Date: December 2, 2019
Source: Bloomberg

China’s once-in-a-generation car slump is hobbling carmakers around the globe that placed their bets on what is the world’s biggest auto market. But one group is weathering the slowdown unscathed: Japan.

Iconic car companies like Toyota Motor Corp. and Honda Motor Co. are increasing sales in a market that has fallen almost every month since June 2018. They’re doing it by targeting what’s proven to be a sweet spot in the faltering market — demand for hybrid gasoline-electric cars. Japanese automakers are leaders in the technology, which appeals to Chinese consumers keen to heed the government push toward new-energy vehicles, but aren’t ready to shift to pure-electric autos just yet.

“The hybrid I drive now is as reliable as the one I used before but more fuel-efficient,” said Charles Wang, who bought a hybrid Toyota Camry in 2019 after driving a gasoline-powered Honda Accord for six years. “I never regretted my choice of sticking to Japanese cars.”

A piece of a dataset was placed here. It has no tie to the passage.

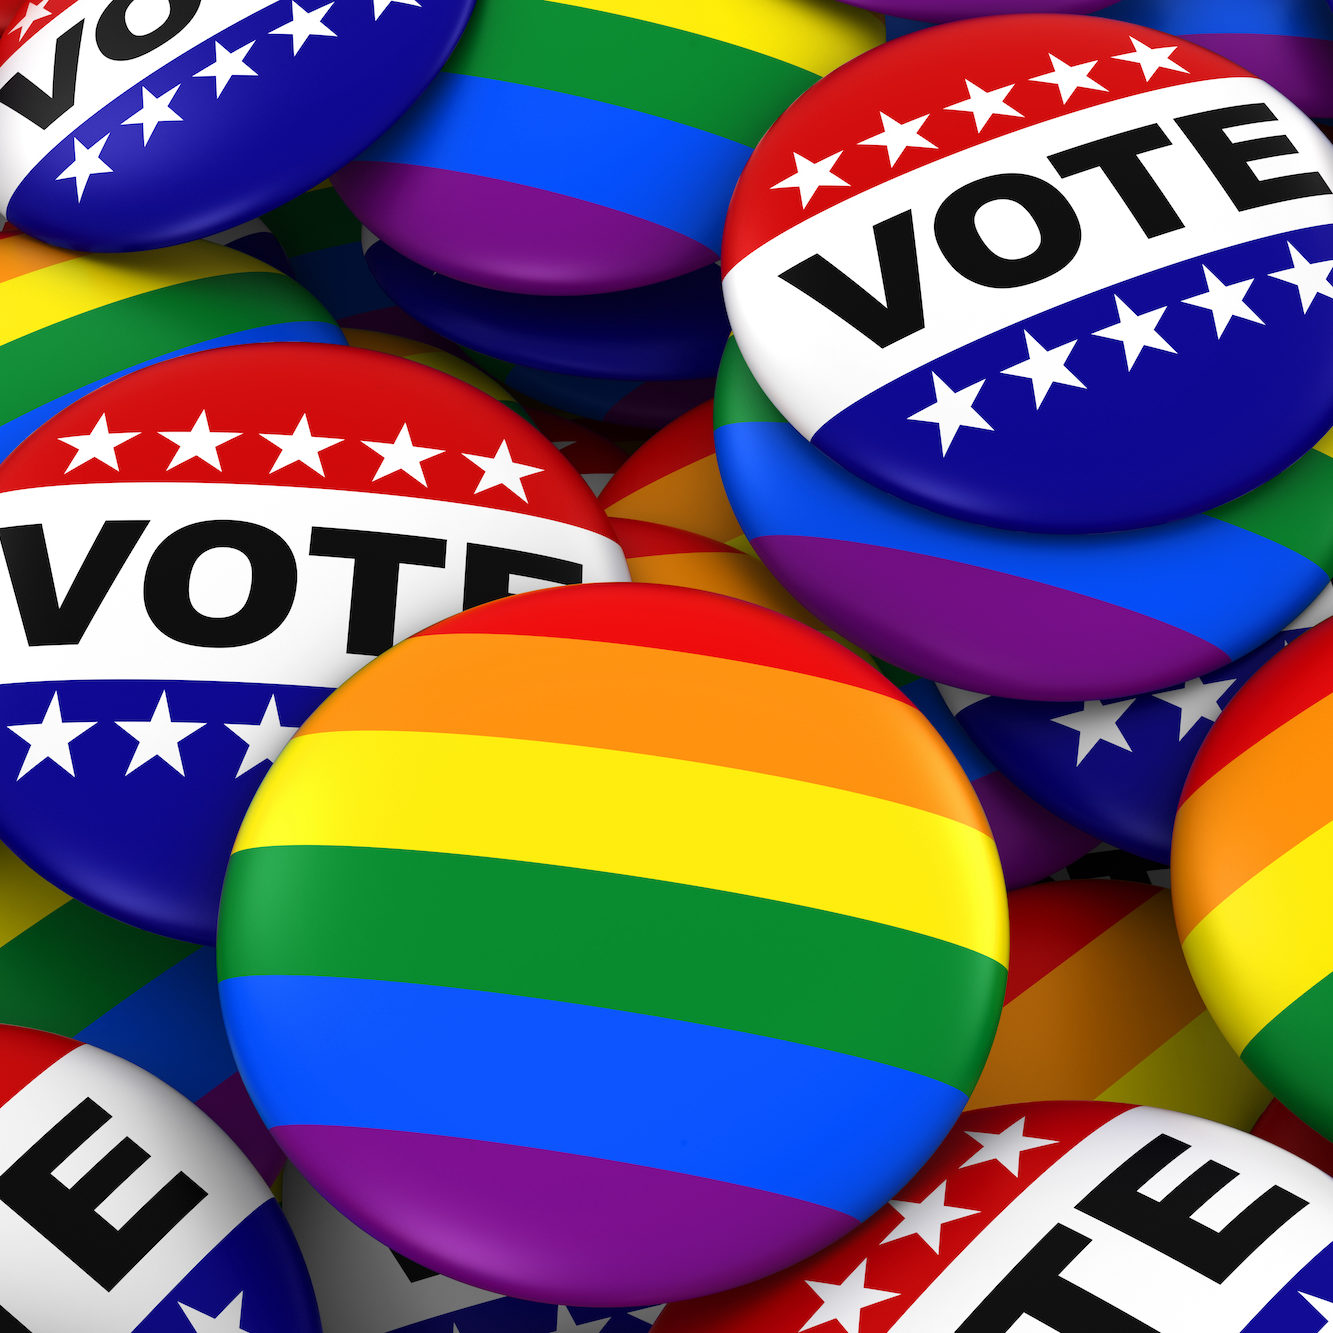 Vote & LGBTQ+ pride buttons in pile

Toyota, maker of the pioneer hybrid model Prius, and peers Honda and Nissan Motor Co. have been early adopters of the technology that combines an internal combustion engine with an electric motor. That’s allowed them to keep sales humming even as demand for gasoline cars wanes and pure-electric vehicles are yet to catch on.

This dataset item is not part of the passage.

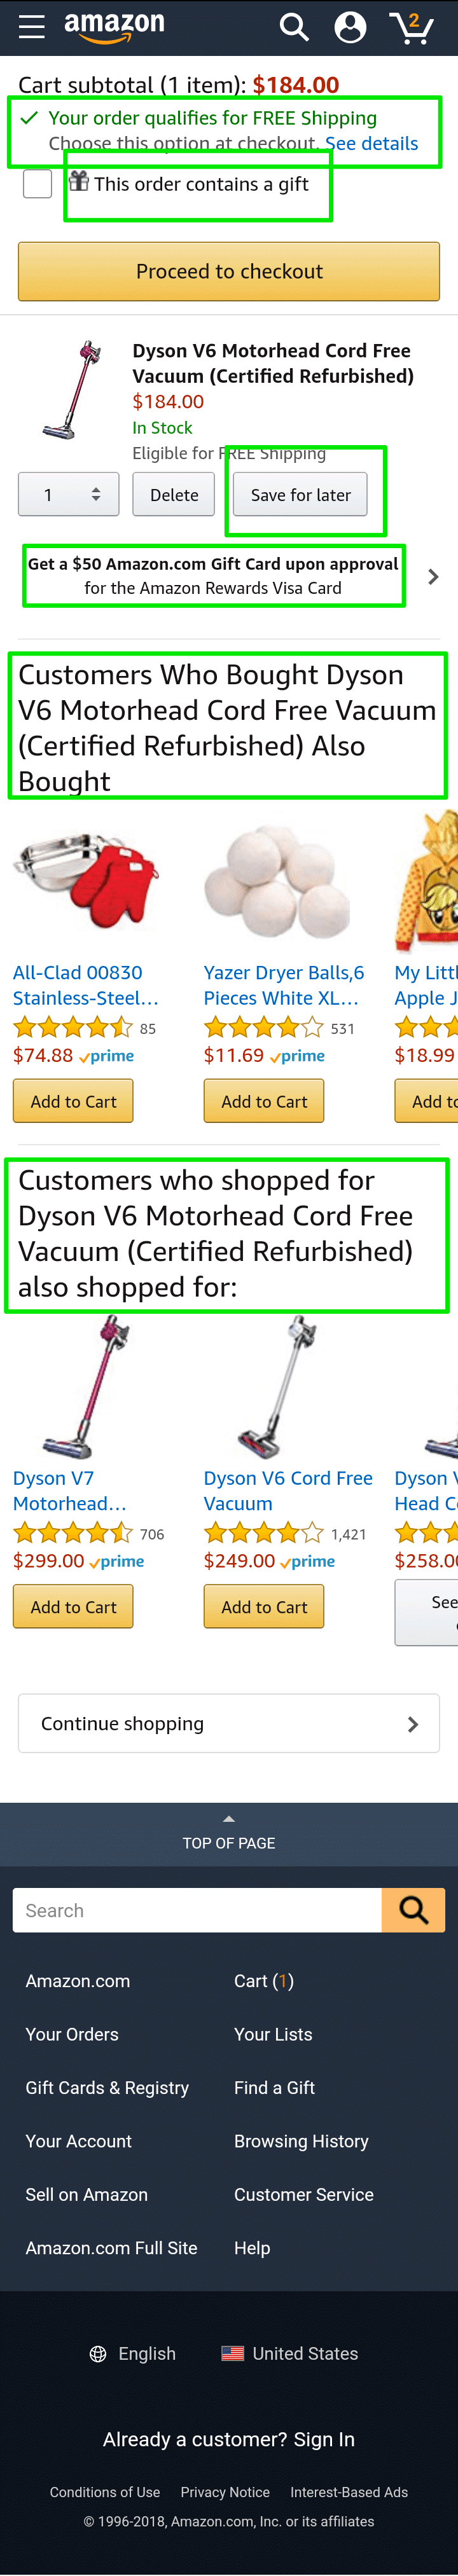 Amazon online store cart

Japanese brands boosted sales 4.3 percent in the first first 10 months of the year, outpacing U.S., European, South Korean and Chinese rivals, according to China Passenger Car Association. Japan is now close to overtaking Germany as the biggest foreign car power in China, though Germany is benefiting from resilient demand for its premium models.

Sales of Japanese brands’ hybrids have risen about 30 percent this year in China to more than 220,000, making the vehicles one of the fastest-growing market segment, according to the association. Japanese carmakers control about 99 percent of the traditional hybrid market in China, according to numbers from consultancy WAYS Information Technology Co. that exclude plug-in vehicles.

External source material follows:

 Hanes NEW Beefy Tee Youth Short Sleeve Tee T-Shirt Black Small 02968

Among the reasons shoppers are going for hybrids is range anxiety — the fear that an electric car’s battery runs out and leaves the driver stranded. China’s charging infrastructure is in early stages, though manufacturers and the government are trying to hasten a buildout.

Hybrid demand has also been spurred by those buying a second car, as such customers are more likely to be concerned about fuel consumption, said Cui Dongshu, secretary general of CPA.

What’s more, providers of mobility services such as car-sharing and ride-hailing are also increasingly moving to hybrids for their fuel efficiency, Cui said. So even if such services will reduce the total sales of cars, the Japanese manufacturers may be less affected than others.

Guangzhou Automobile Group Co., which makes cars with both Toyota and Honda, has benefited from robust demand for models such as Camry, Yaris and Accord. GAC Toyota boosted sales 17 percent and GAC Honda seven percent in the first 10 months of the year. That compares with a 11 percent slump in total industry deliveries, according to China Association of Automobile Manufacturers.

To ride the trend, Japanese companies touted their new hybrid models at the Guangzhou Auto Show last week. Those include the new Wildlander sport utility vehicle by Toyota and Honda’s Breeze, an SUV that comes in both hybrid and gasoline variants.

GAC Honda is preparing to expand its production capabilities in 2020 after running at 120 percent capacity this year. GAC Toyota plans to add new models annually over the next three years.

“GAC is full of confidence in our two Japanese car ventures’ future development,” the carmakers said in a statement responding to Bloomberg’s inquiry. “GAC Honda and GAC Toyota will enlarge its product lineup and add more capacity in line with market demand.”

Thus far, the Japanese brands have also weathered China’s cooling economy relatively well. Less-affluent customers in regions outside big cities have been more affected by the slowdown, weighing on sales of lower-end local brands but sparing the mid-prized offerings of Toyota, Nissan and Honda. The lower-end slump has pushed the car industry’s total sales down in 16 of the past 17 months.

“Consumers of Japanese-brand cars are mainly middle-class buyers with steady and decent income,” said PCA’s Cui. “They are less impacted by the slowing economy.”